Two cords come out of the panels and connect both to either the included Anderson or adapter cables. It would be nice if these were attached and you didn’t have to carry them around but then you wouldn’t get the flexibility of connections.

The kickstand snaps aren’t super strong. One of mine kept popping off during set up. Once it’s set up, they stay well. There are small loops to clip on to on the sides so you could hang it but I put it on the ground with the kickstands all the time. I’d rather they stay attached so I don’t lose them.

How much does it charge?

I’ve only been able to test the AllPowers panel in the winter sun so far and sunny days have been rare the last few weeks. With indirect winter sun in the trees, the AllPowers panel easily pull 10-15 watts. This post will updated when we get more sun for testing.

A monocrystalline panel like the Jackery SolarSaga generated a slightly higher wattage at 20 watts in the same location and light. I’m assuming it’s because of the slightly more efficient monocrystalline cells.

How big and heavy is it?

The AllPowers 100 watt solar panel weighs about 8 pounds and is about 20 inches by 25 inches folded.

When unfolded, it’s 48 inches wide by 25 inches tall.

When folded it’s about 1.2 inches thick but unfolded it’s about .5 inches thick.

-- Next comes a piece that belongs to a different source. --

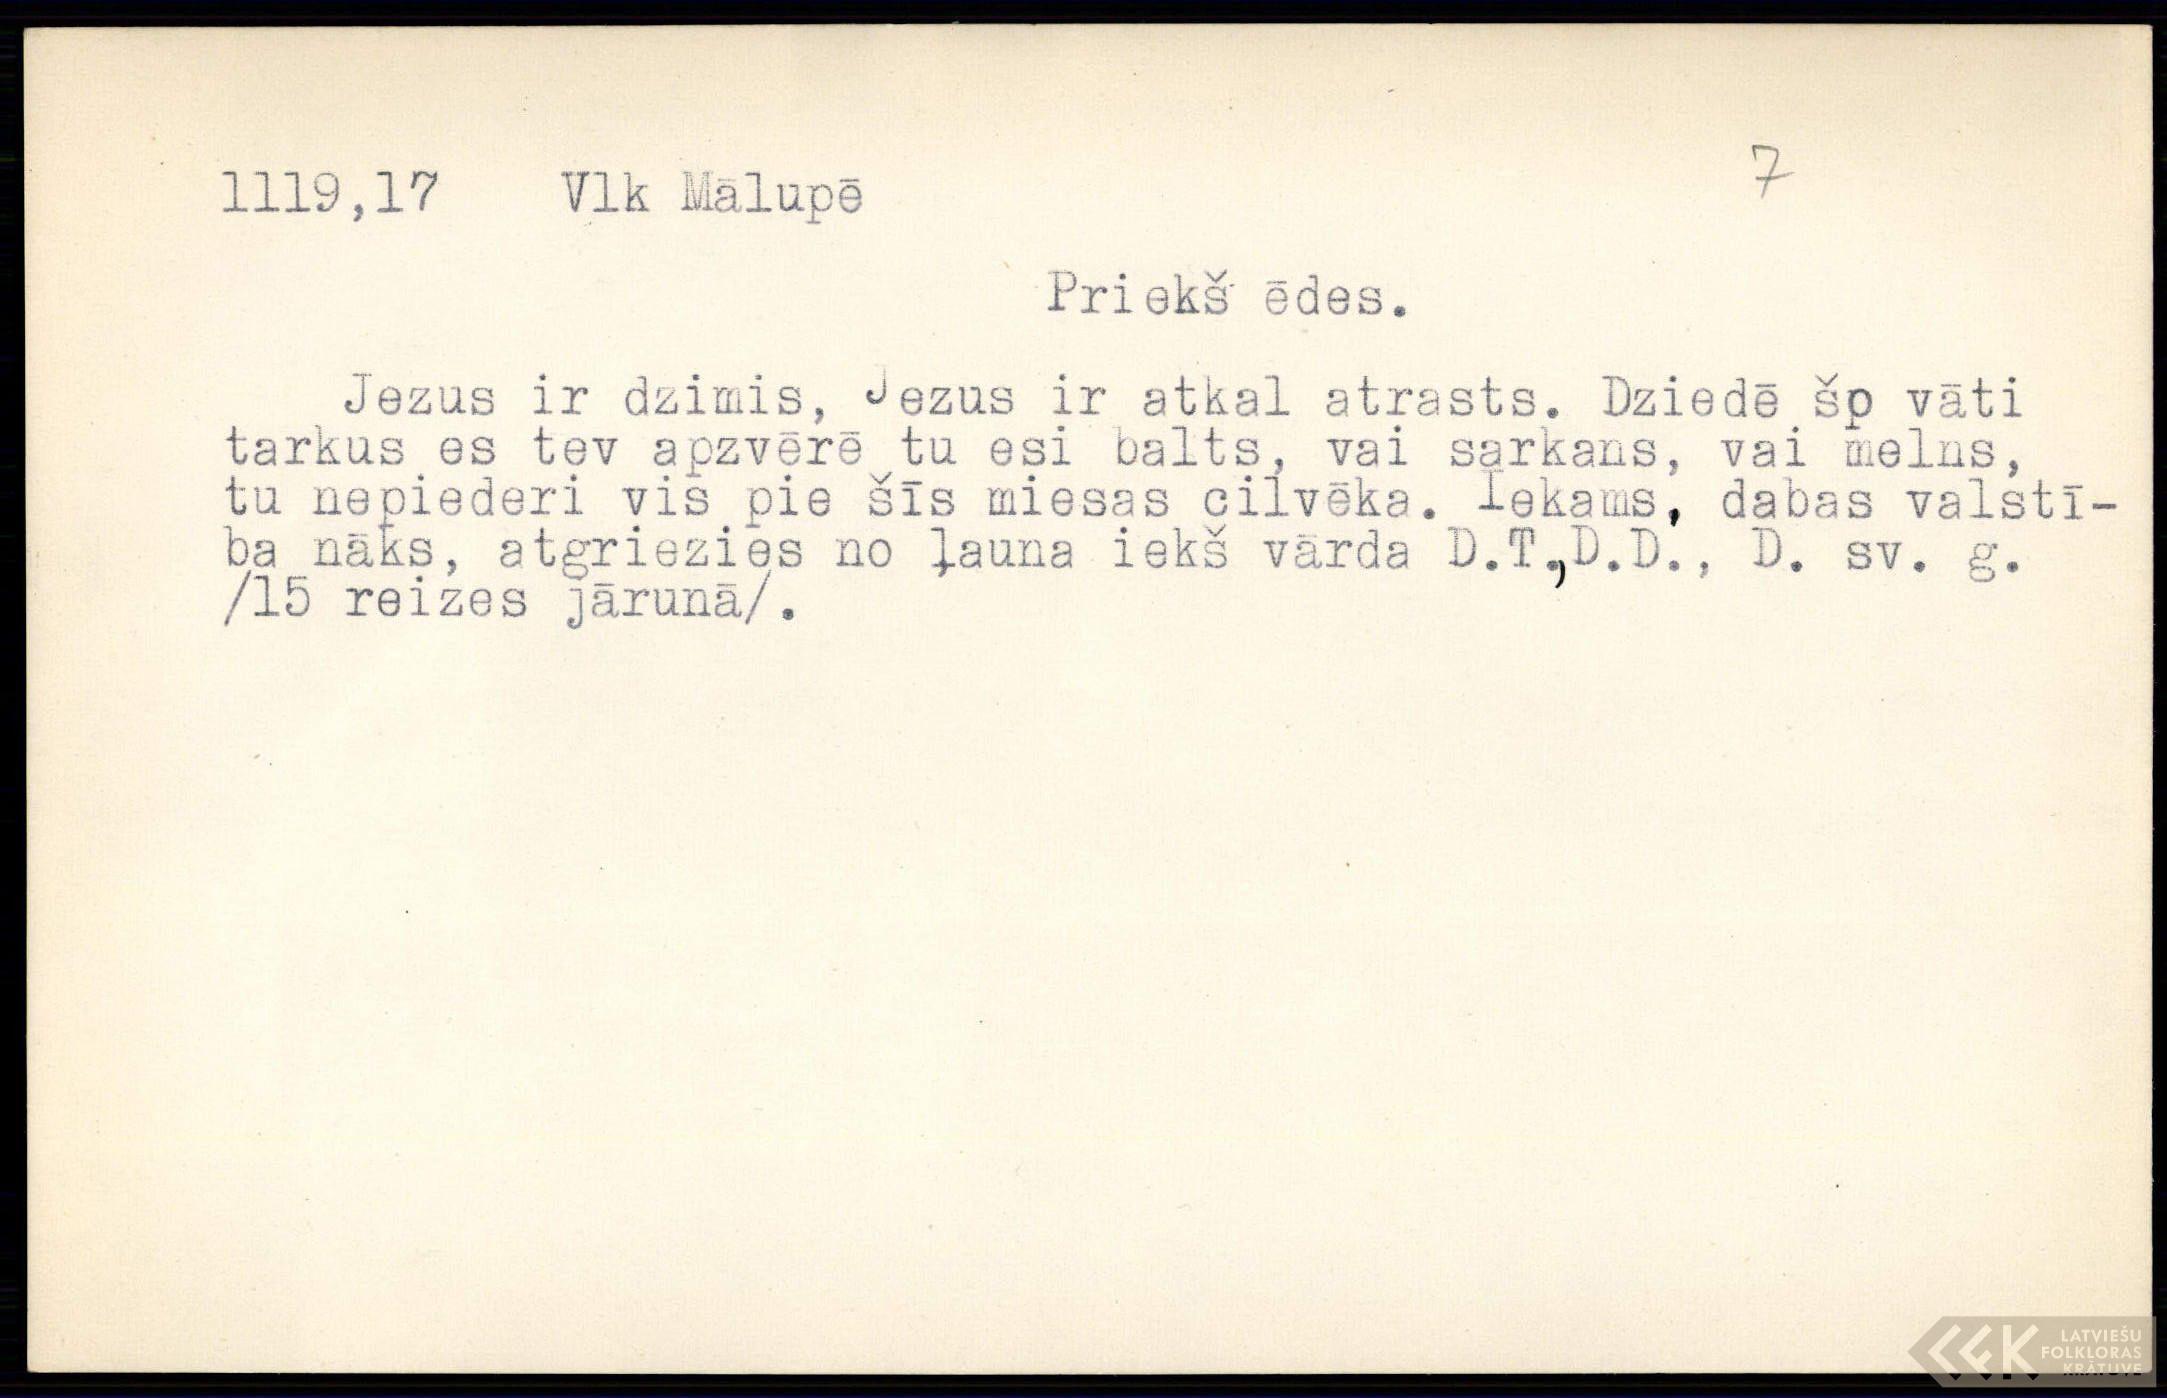 LFK-1119-00017-buramvardu-kartoteka

The size and weight makes it easy to carry around camp or into the backyard. The nylon handle is comfortable to carry. This panel is too big to carry on a backpacking trip on your backpack but it’s easy to put in the car and carry to camp.

Bag on the side for cords and adapters. Would be nice if it velcro’d or zippered shut.

What connections does it have?

Some solar panels only come with one style of connection. There are other adapters out there but that’s another thing to buy.

The AllPowers panel has an MC4 connection with a 5 different adapters to fit as many different devices as possible.

  • 5.5*2.1mm
  • 5.5*2.5mm
  • 3.5*1.35mm
  • Anderson plug
  • 8mm

The 8mm plug is useful for a lot of power stations like the Jackery Explorer 500 or the Generark HomePower One.

I was a bit confused which plugs should be used at first being unfamiliar with the MC4 connection but they only fit one way so it’s easy to figure out.

Many connections come included, not just 8mm.
MC4 to Anderson connector

Monocrystalline vs Polycrystalline Solar Cells

Mono and polycrystalline cells are two different kinds of solar cells. Polycrystalline cells are made up of multiple silicon crystals, are less expensive but slightly less efficient.

The AllPowers panel is made with polycrystalline cells with an efficiency of about 21%. Because of the cheaper solar cells, the AllPower panel ends up being $160 USD compared to about $300 for a monocrystalline panel like the Jackery SolarSaga or Generark SolarPower One. The value you get out of the polycrystalline cells is great since they are very close to the efficiency of monocrystalline cells.

The polycrystalline cells are blue while the monocrystalline cells are black. The colour of the panels didn’t really matter to me. If it was a large array being mounted on your house, colour might matter a bit more.

At the end of the day, the panel still outputs up to 100 watts. It just takes more polycrystalline cells in the panel to do it.

Verdict: AllPowers 100W Briefcase Solar Panel

Rating: 7.5/10

Verdict: Recommended.

The AllPowers 100W solar panel is quite a bit less expensive because of the polycrystalline cells. The nylon case makes it tough but easy to carry around. It’s easy to plug it into your devices to charge with all the included adapters. It would be nice to have permanently attached kickstands with better snaps but with the price being nearly half of other monocrystalline panels, the AllPowers is a good deal.

Many connections let you connect to many batteries
The snap-on kickstands. Forgot one at home.